Step 2 Create two more lazy seqences which are "windows" through which you look at the original, huge lazy sequence. First window contains only 12 elements (t), the other the rest of elements (d):

* * * * * * * * * * * * * * * * * * * * * * * * * * * * * * ... * * *
t t t t t t t t t t t t t d d d d d d d d d d d d d d d d d ... d d d 

Step 3 - out of memory scenario - you evaluate [(count d) (count t)]. So, first you count elements in d, then in t. What will happen is that you will go through all values starting at the first element of d and realize them (marked as !):

* * * * * * * * * * * * * ! * * * * * * * * * * * * * * * * ... * * *
t t t t t t t t t t t t t d d d d d d d d d d d d d d d d d ... d d d 
                          ^
                         start here and move right ->

* * * * * * * * * * * * * ! ! * * * * * * * * * * * * * * * ... * * *
t t t t t t t t t t t t t d d d d d d d d d d d d d d d d d ... d d d 
                            ^

* * * * * * * * * * * * * ! ! ! * * * * * * * * * * * * * * ... * * *
t t t t t t t t t t t t t d d d d d d d d d d d d d d d d d ... d d d 
                              ^

                     ...

; this is theoretical end of counting process which will never happen
; because of OutOfMemoryError
* * * * * * * * * * * * * ! ! ! ! ! ! ! ! ! ! ! ! ! ! ! ! ! ... ! ! !
t t t t t t t t t t t t t d d d d d d d d d d d d d d d d d ... d d d 
                                                                    ^

Problem is that all the realized values (!) are being retained, because the head of the collection (first 12 elements) are still needed - we still need to evaluate (count t). This consumes a lot of memory causing JVM to crash.

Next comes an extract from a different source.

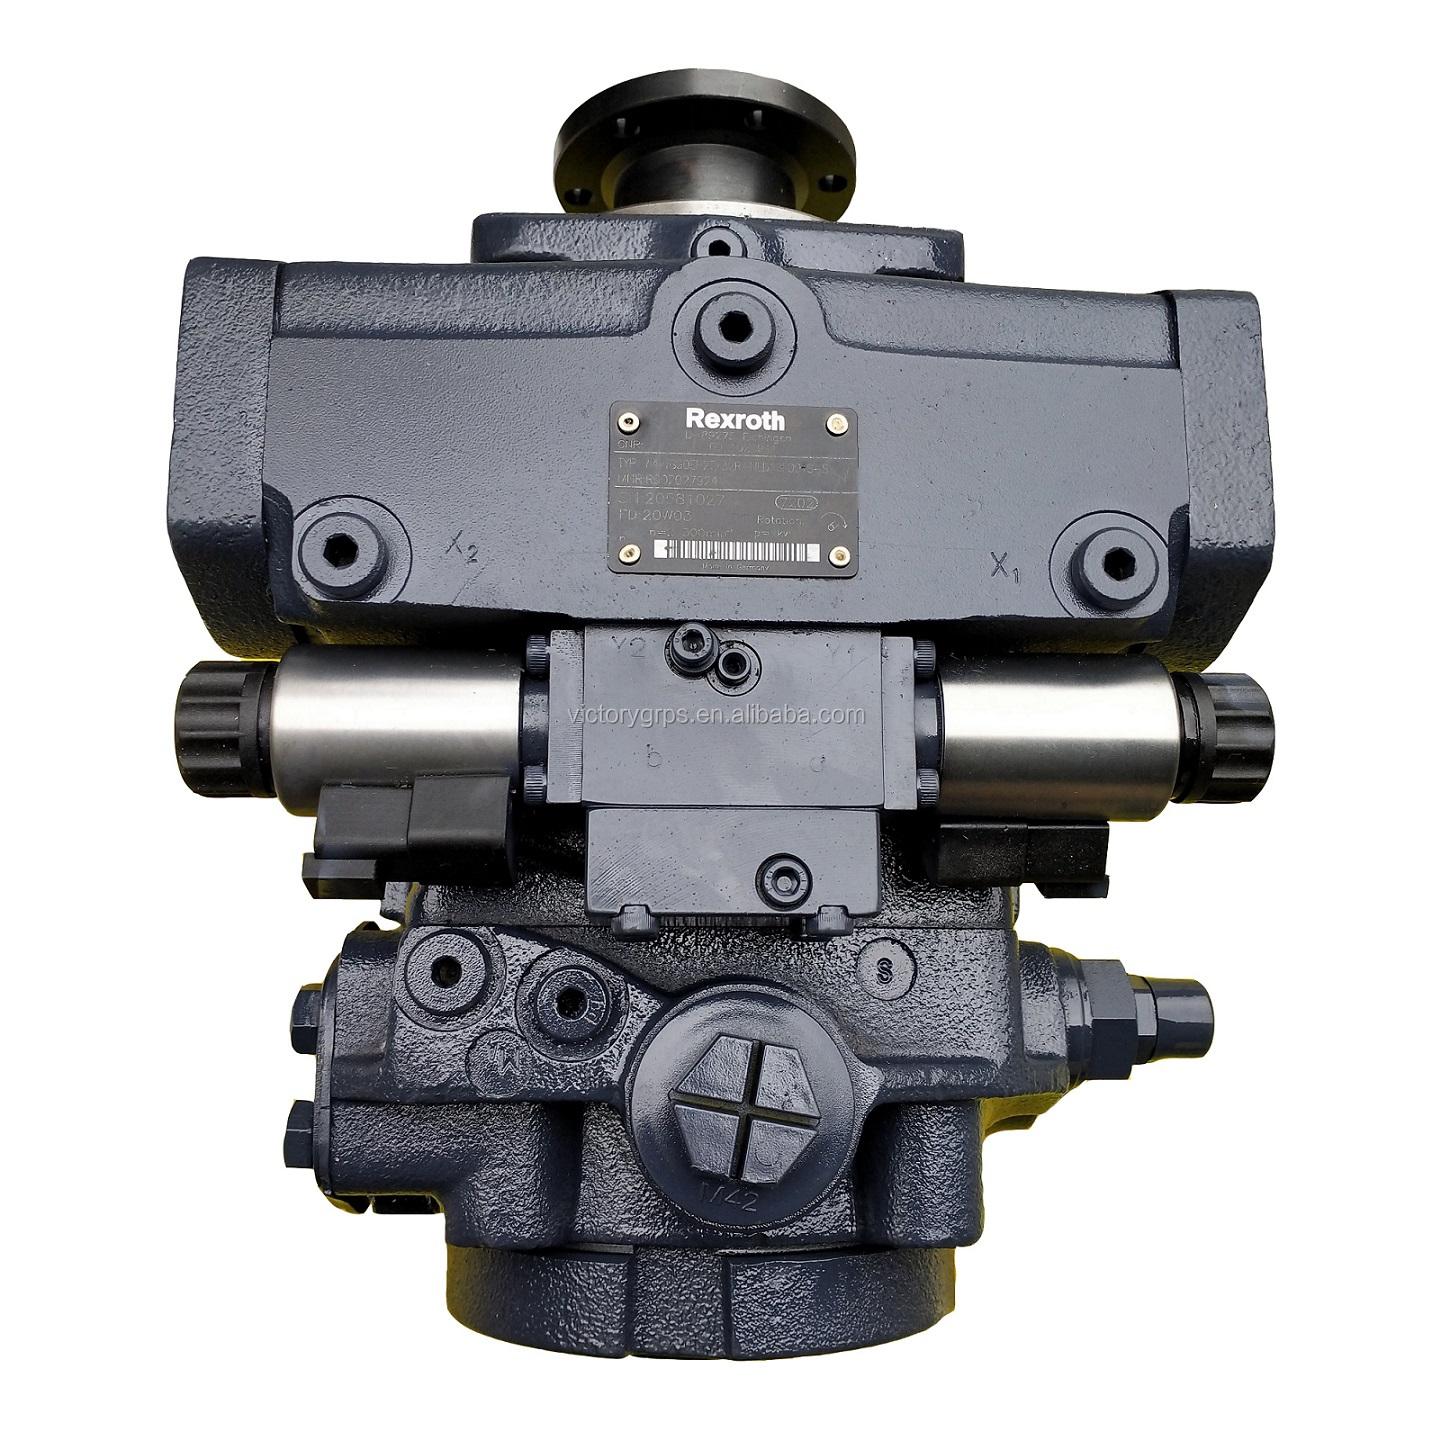 Hydromatik A4VTG71 A4VTG90 Rexroth Axial Piston Concrete Mixer Pump

Step 3 - valid scenario - this time you evaluate [(count t) (count d)]. So we first want to count elements in smaller, head sequence:

! * * * * * * * * * * * * * * * * * * * * * * * * * * * * * ... * * *
t t t t t t t t t t t t t d d d d d d d d d d d d d d d d d ... d d d 
^
start here and move right ->

                        ! * * * * * * * * * * * * * * * * * ... * * *
t t t t t t t t t t t t t d d d d d d d d d d d d d d d d d ... d d d 
                        ^

Then, we count elements in d sequence. Compiler knows that elements from t aren't needed anymore, so it can garbage collect them freeing up the memory:

                          ! * * * * * * * * * * * * * * * * ... * * *
t t t t t t t t t t t t t d d d d d d d d d d d d d d d d d ... d d d 
                          ^

                            ! * * * * * * * * * * * * * * * ... * * *
t t t t t t t t t t t t t d d d d d d d d d d d d d d d d d ... d d d 
                            ^

                     ...

                                                            ...     !
t t t t t t t t t t t t t d d d d d d d d d d d d d d d d d ... d d d 
                                                                    ^

Now we can see that, because elements from t weren't needed anymore, compiler was able to clear memory as it went through the large sequence.